Chapter 520m

Custom metrics & data hooks

Custom metrics and data hooks

Cloud Insights tells you how your agent is performing technically. But business questions -- "How many appointments were booked today?", "What is the average call duration for billing inquiries?", "What percentage of callers reach a successful resolution?" -- require custom metrics.
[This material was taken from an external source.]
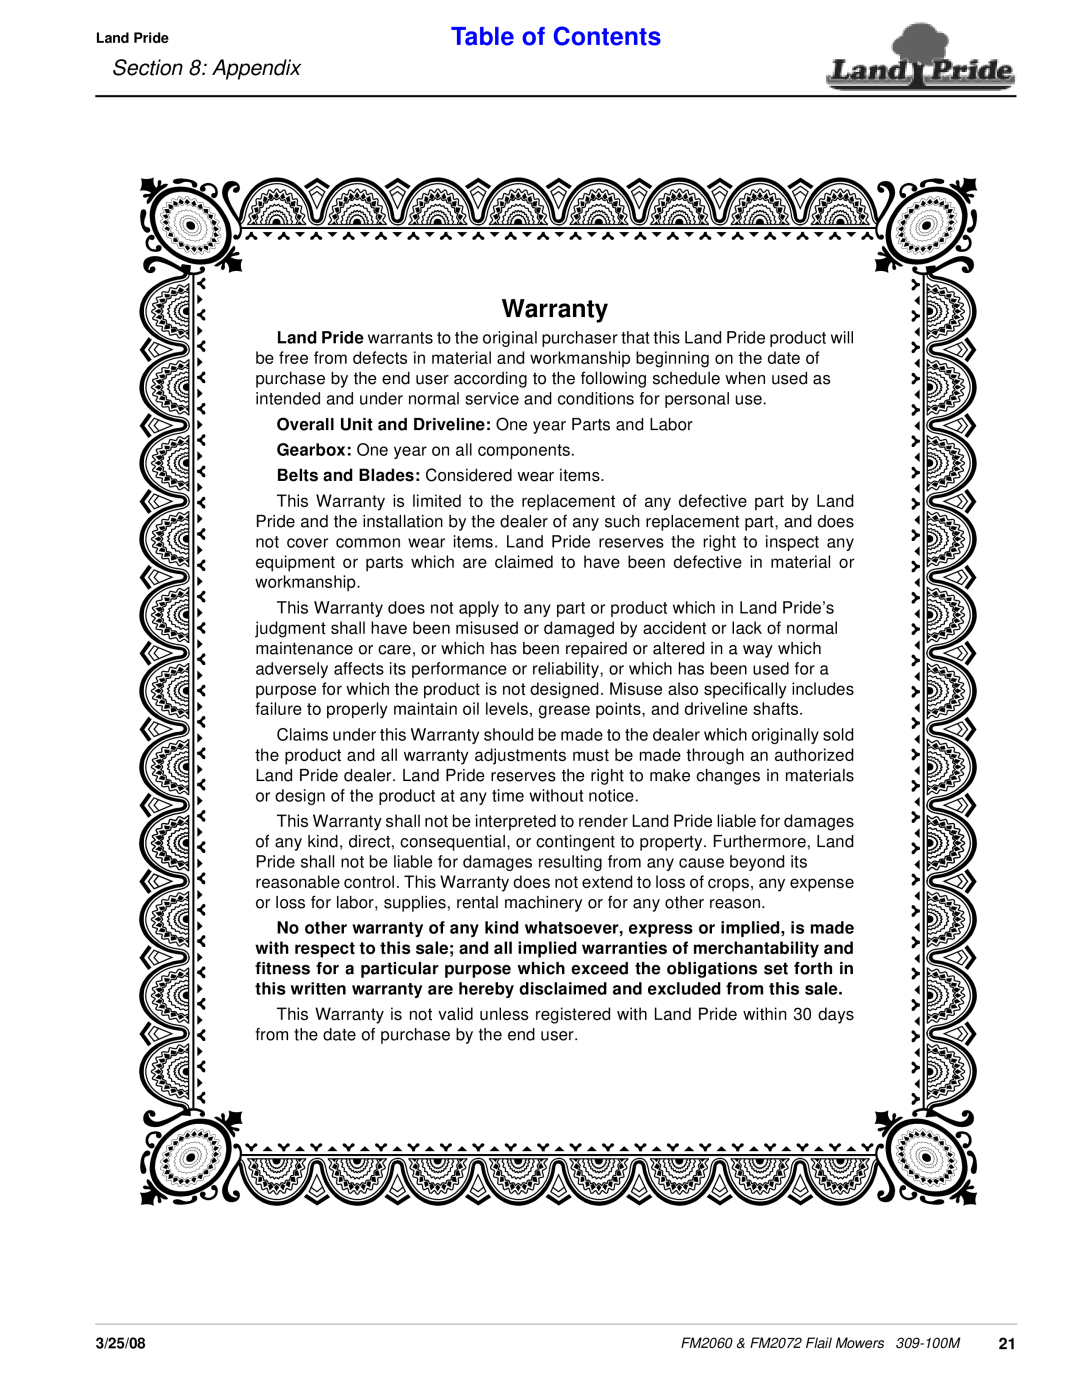 Land Pride 309-100M manual Warranty, Table of Contents, Appendix 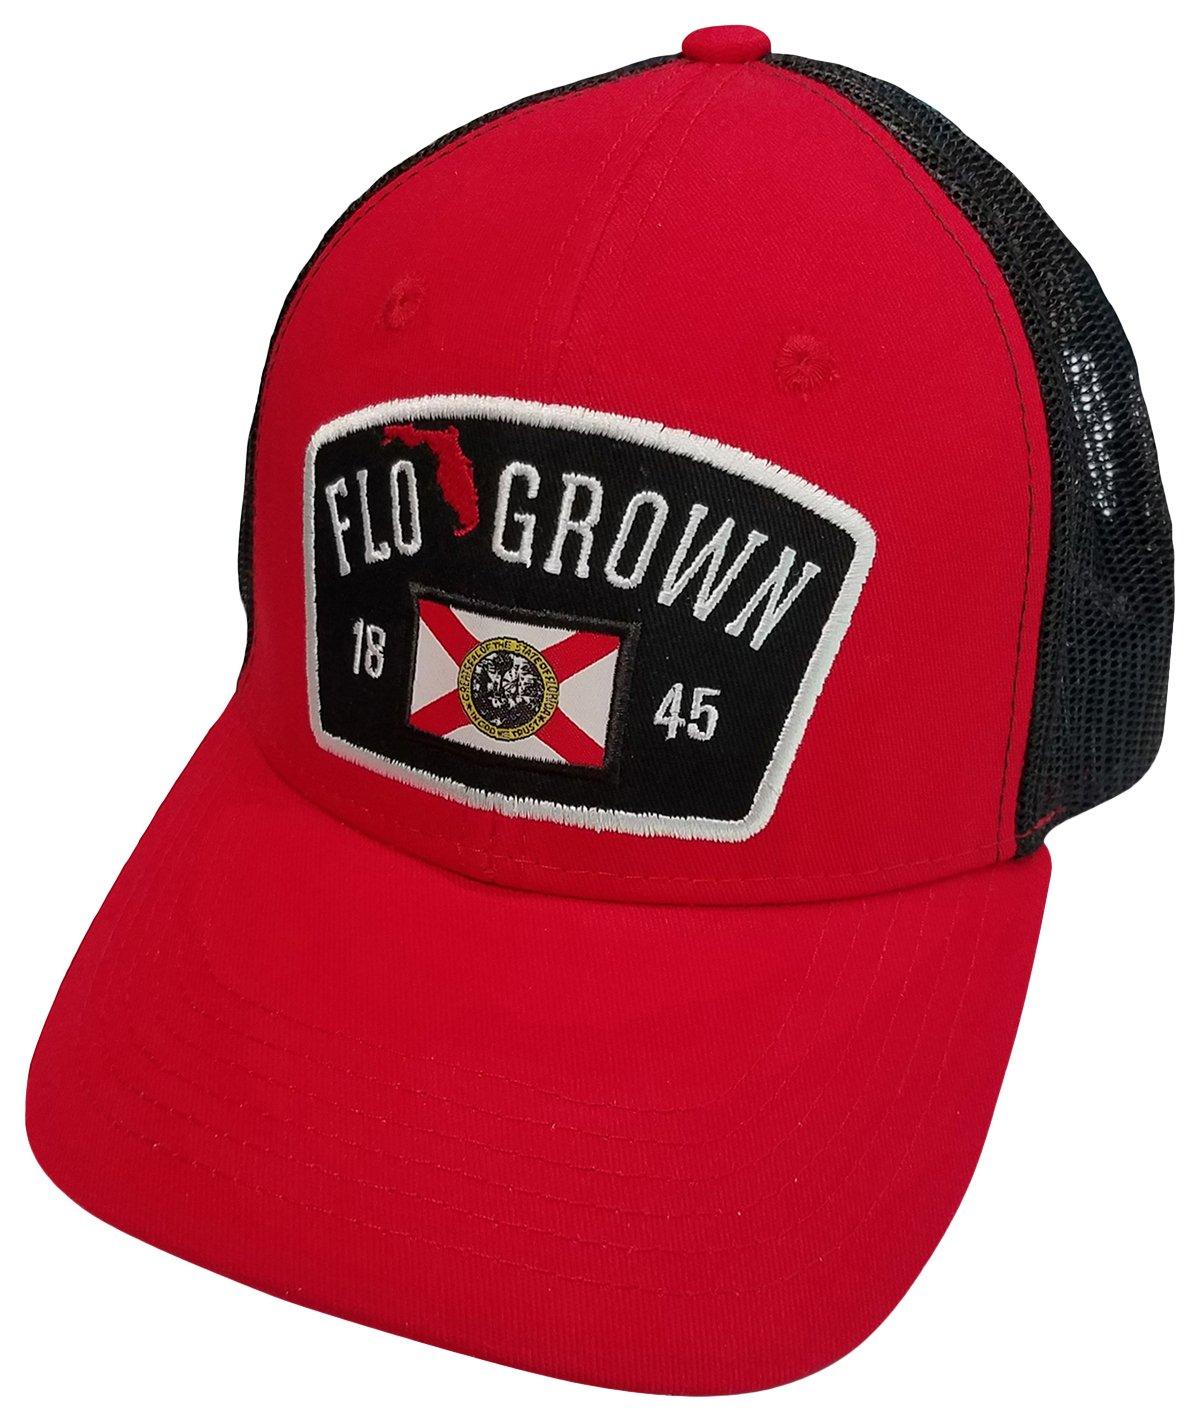 FloGrown Mens Jumbo Crest Patch Snapback Hat

This chapter shows you how to instrument your agent with data hooks and push business metrics to Prometheus for dashboards and alerting.

Data hooksCustom metricsPrometheus

What you'll learn

  • How to implement data hooks in your agent to capture business events
  • How to expose custom metrics in Prometheus format
  • How to build dashboards that track business KPIs alongside technical metrics
  • Patterns for tracking booking rates, call duration, cost per session, and more

Why custom metrics matter

Cloud Insights answers "Is the agent working?" Custom metrics answer "Is the agent delivering business value?"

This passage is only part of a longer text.